As he did, Quinn opened it and walked outside.
“You look like a marshmallow,” Carly said.
Grady stifled a laugh, but Carly was right. Quinn wore a bulky pair of white ski pants and a puffy white winter coat, the kind with fur in the hood.
She glared at her sister. “I had to borrow it from Lucy. It’s not like I have ski clothes in my closet.”
“You’re going with?” Carly frowned.
“Yes, and you should come too so I don’t have to suffer through this day by myself.”
“It’ll be fun, Aunt Quinn,” Jaden said. “Promise.”
“You’ll have fun watching me make a fool of myself,” she said. “I, however, plan to have no fun.”
“That’s a great plan, Q.” Carly folded her arms. “Why are you going? Did you lose a bet?”
Another glare from Quinn, this time directed at Grady. She almost looked cute with the scowl on her face and in her ridiculous getup.
“I have Hailey’s ski clothes inside, so you won’t even have to go home and dig yours out of the closet.” Quinn turned toward Carly.
“I don’t ski, Quinn. This is Jaden’s thing.”
“I don’t ski either, but here I am.”
Carly groaned. “I was supposed to work today, and then I traded shifts with someone else and I was really looking forward to being home by myself and catching up on laundry.”
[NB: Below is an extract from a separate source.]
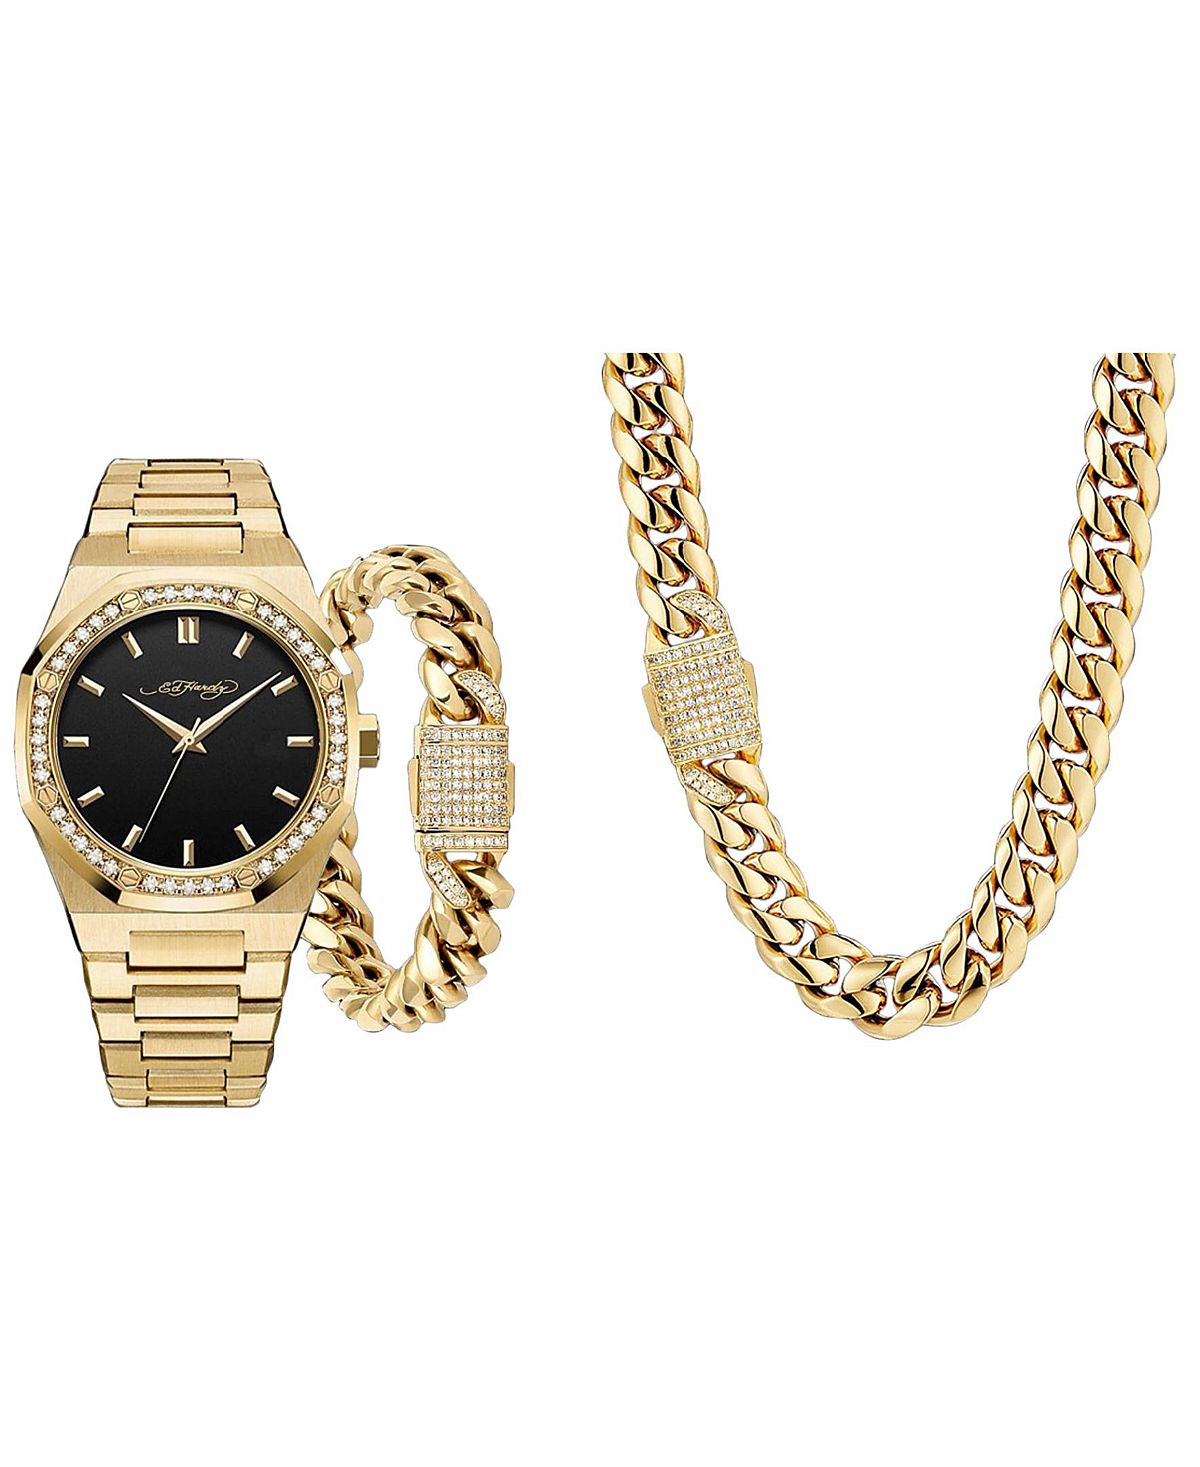 Мужские часы-браслет из блестящего золотистого металла, 42 мм, подарочный набор Ed Hardy кроссовки ed hardy bump black gold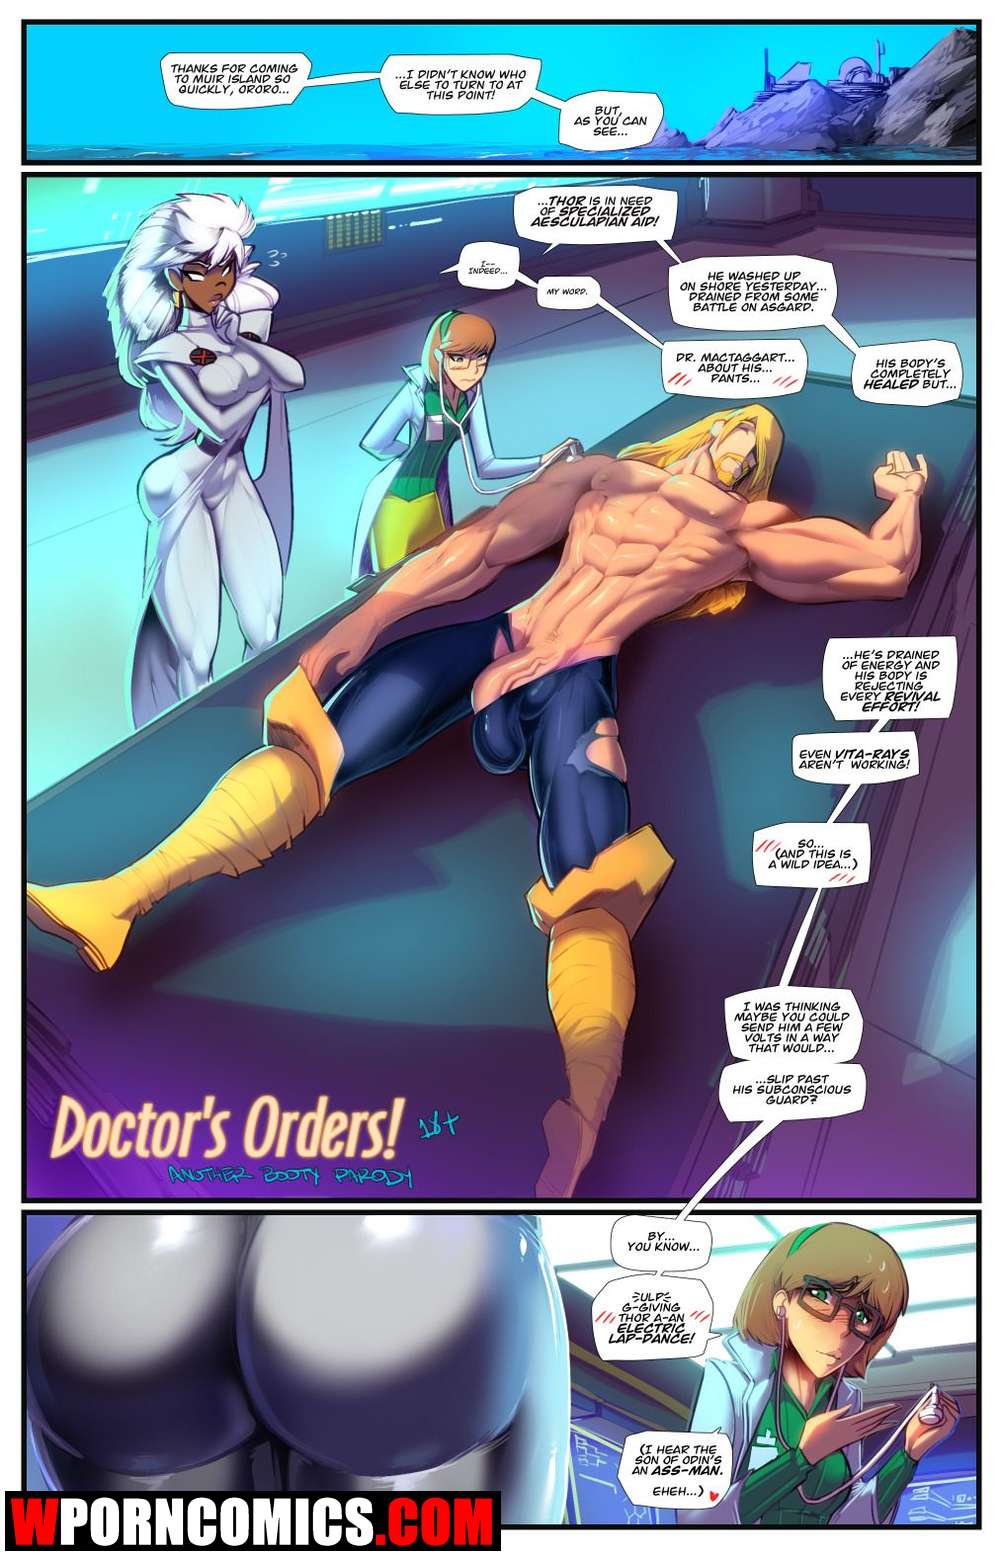 17 Xx Hd - âœ…ï¸ Porn comic Doctor s Orders. X-Men , The Avengers. Sex comic of the X-Men  | Porn comics in English for adults only | sexkomix2.com

“Gee, you two really know how to have a good time,” Grady said. “I’m going to Hazel’s to get some coffee. When I get back we’re leaving. All of us.”
Carly groaned again. “I don’t want to go skiing.”
“Come on, Mom, it’ll be fun. You haven’t seen me up there in months. Maybe I can teach you a thing or two. Show you that you didn’t waste your money on those lessons.”
Grady wandered across the street to Hazel’s. He told Betsy who he was ordering for and she knew their drinks, as if she had them saved in some mental database or something. She stuck the cups in a cardboard carrier and handed them across the counter.
“It’s nice to see you acclimating to our small-town life,” she said.
Grady laughed. “This isn’t acclimation,” he said. “This is just passing the time until I can get out of here.”
“Well, that’s too bad.”
The voice came from behind him, and while he’d only heard it afew times, he recognized it immediately. He turned and found Judge Harrison, looking a little more irritated than Grady remembered.
He gritted his teeth to keep from saying something he’d regret.
“I was hoping our way of life might rub off on you,” the judge said.
“Don’t hold your breath.” Grady picked up the drinks and nodded at Betsy, who gave him a slight smile.
“Son, maybe there’s something here for you that you haven’t even thought of yet,” the judge said as Grady turned around.
“I can tell you with absolute certainty, Judge, there is nothing here for me.” He held the man’s gaze for a moment, then slipped out the front door and into the icy Michigan air.
If the judge thought keeping him here was going to teach him some kind of lesson, he was crazy. A familiar anger flared up inside him. His dad said this happened when things didn’t go his way.
“You can’t just quit because it doesn’t come the first time,” his father had told him after one particularly frustrating run years ago. “You get so mad and you give up.”
“Because I should be able to do that in my sleep.”